Selon les chiffres du rectorat, il y avait, sur l'année scolaire passée, en moyenne 22,4 enfants par classe élémentaire et 22,5 par classe de maternelles en Centre-Val de Loire. Avec, sur les maternelles, une baisse par rapport à 2018-2019 (23,4 enfants par classe). Ces statistiques peuvent avoir été aidées par le dédoublement des classes de CP en zones d'éducation prioritaire, entamé en 2017. Une réforme, portée par Jean-Michel Blanquer, qui aurait "déshabillé Paul pour habiller Jacques", expliquait Franceinfo en 2019.
"On est loin du 40 enfants par classe décrié par certain", insiste-t-on au rectorat, assurant que des effectifs de plus de 35 élèves "ne se voient qu'au lycée dans des zones urbaines".
Bouche-trous
L'académie concède pourtant des déséquilibres dans les effectifs des classes de communes, pourtant voisines, ce qui entraîne localement des fermetures "rares" mais toujours très contestées des moins fournies d'entre elles. Un problème lié à un fort déséquillibre structurel, à en croire le syndicat :
Beaucoup de professeurs sont formés et viennent de Touraine, mais sont affectés immédiatement en Eure-et-Loir ou dans le Loiret parce que les besoins sont là-bas. Ca entraîne des mobilités involontaires et des situations familiales complexes. L'éducation nationale bouche les trous avec les nouveaux professeurs, et on peut toujours avoir cette impression en fin de carrière.
Au rectorat, on considère que "c'est le jeu des concours, les premiers auront leur affectation souhaitée, les autres seront affectés plus aléatoirement". "Ce n'est pas nouveau, et c'est pareil pour les mutations qui ne peuvent pas toutes être acceptées : ça reviendrait à abandonner totalement certaines zones rurales", estime le rectorat.
Désorganisation sanitaire
Syndicat et éducation nationale tombent quand même d'accord sur un constat : les professeurs sont épuisés après un an et demi de crise sanitaire, qui a aggravé les problématiques déjà évoquées.

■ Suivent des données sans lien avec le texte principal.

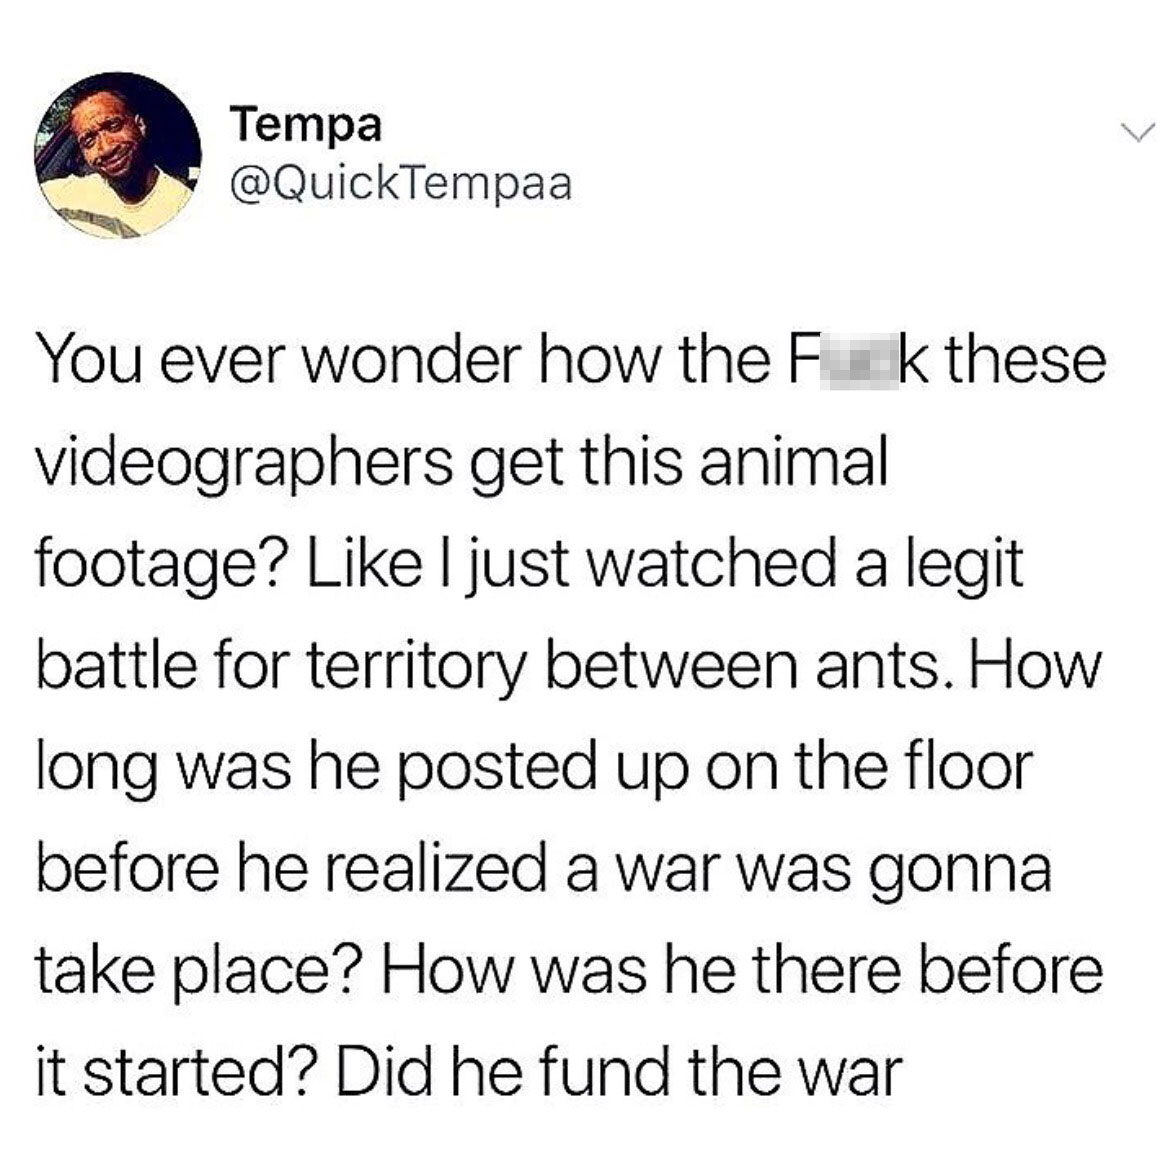 memes  - dank tweets - Tempa Tempa You ever wonder how the Fuk these videographers get this animal footage? I just watched a legit battle for territory between ants. How long was he posted up on the floor before he realized a war was gonna take place? How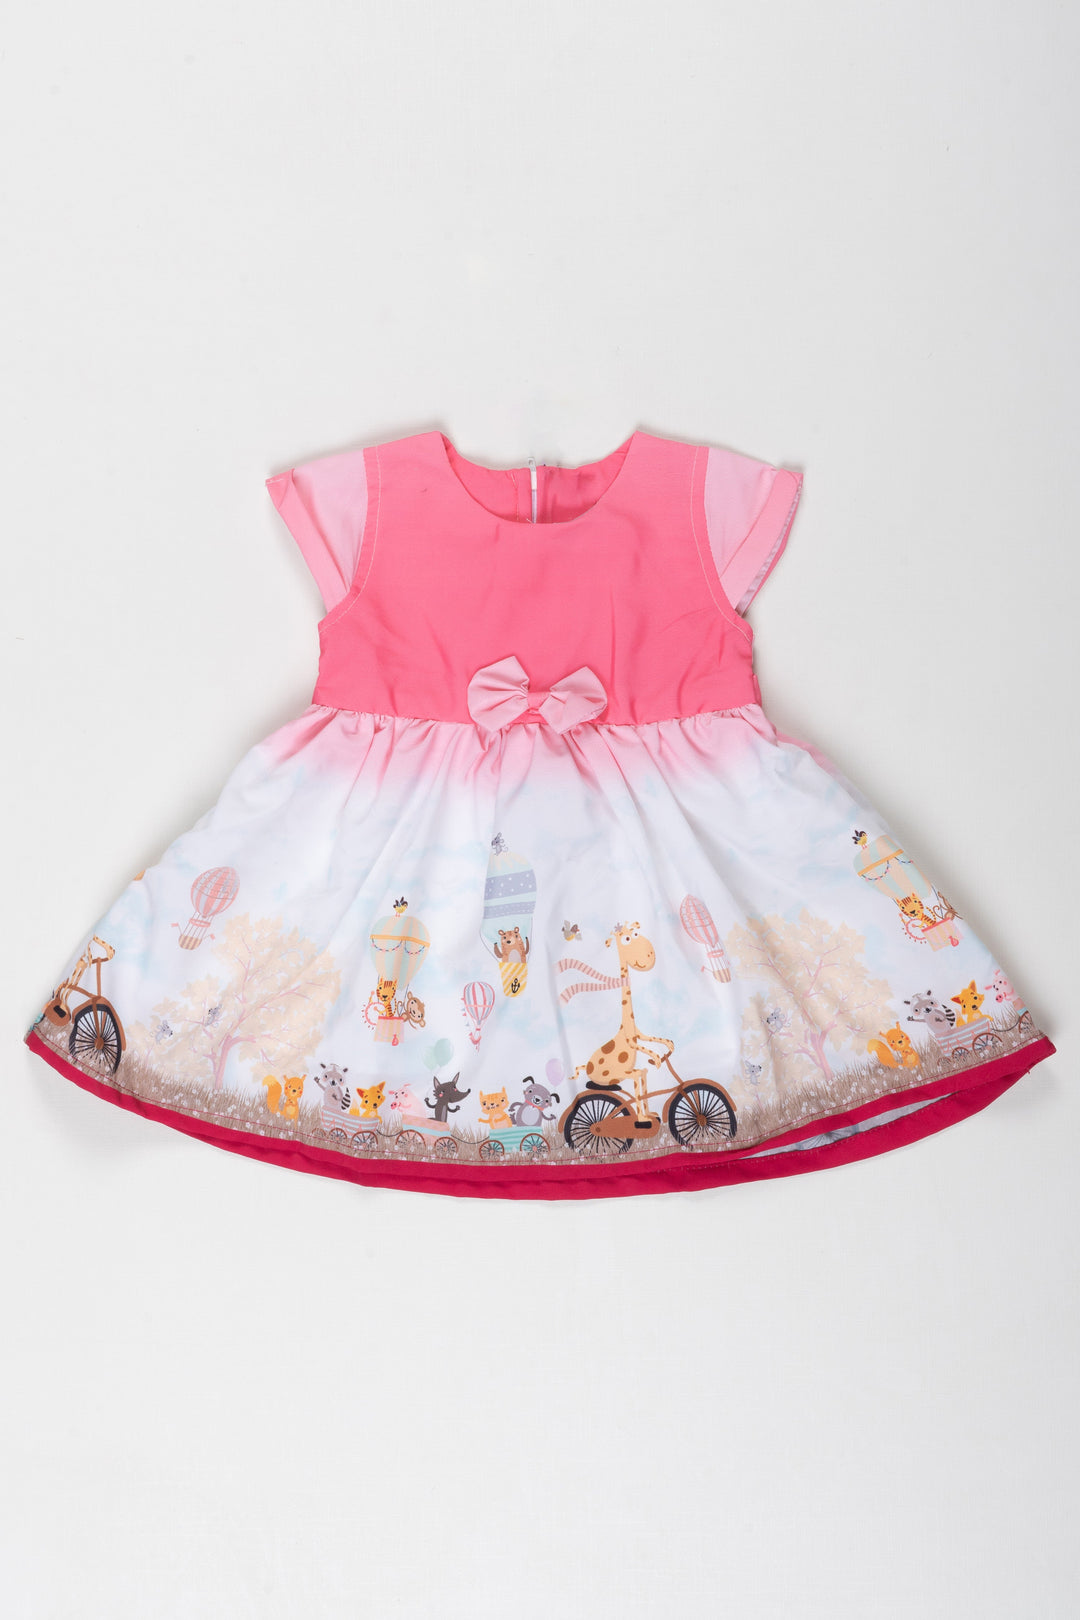 The Nesavu Baby Fancy Frock Enchanted Garden Baby Girl Frock - Pink Delight Edition Nesavu 14 (6M) / Pink / Poly Crepe BFJ546B-14 Whimsical Baby Girl Garden Print Frock | Perfect for Special Occasions | The Nesavu

Elle-même professeure en maternelle, Laurianne Delaporte a "eu l'impression que finalement [son] travail était de faire se laver les mains aux enfants en entrant, avant et après la récré, avant et après la cantine, avec des minutes grapillées et énormément de temps de classe perdu".
? Retrouvez le protocole sanitaire pour la rentrée 2021 concernant les écoles, les collèges et les lycées.#Rentrée2021 #COVID19https://t.co/yhqiCqtQ26
— Académie d'Orléans-Tours (@ac_orleanstours) August 17, 2021
Résultat, "beaucoup de professeurs ont perdu leurs repères, et se sentaient hygiénistes plus qu'autre chose". A cela, la syndicaliste ajoute "les ordres et les contre-ordres qu'on recevait toutes les semaines, et qui passaient dans les médias avant de nous êtres transmis" :
On était dans une situation où des collègues devaient chercher sur quel média l'info allait apparaître, sans savoir si cela serait officiel ou si c'était le résultat de la com' du ministre.
Bonnet d'âne pour le grenelle
En somme, le syndicat réclame une "considération" que l'Education national se refuserait à leur accorder. Au rectorat, optimiste, on assure que le métier est en pleine revalorisation depuis le grenelle de l'Education de mai 2021, à l'issue duquel le gouvernement a promis l'instauration dès janvier d'une revalorisation salariale, à base de prime d'attractivité pour les jeunes enseignants (qui démarre à 1 400 euros annuels avant de diminuer progressivement) et de prime d'équipement informatique (176 euros par an).
Ces propositions n'ont pourtant pas réussi à convaincre les syndicats d'enseignants, alors que la France paie toujours nettement moins bien ses profs que la moyenne des pays de l'OCDE. Le SNUipp-FSU et d'autres organisations syndicales ont formulé un appel à la grève nationale ce jeudi 23 septembre.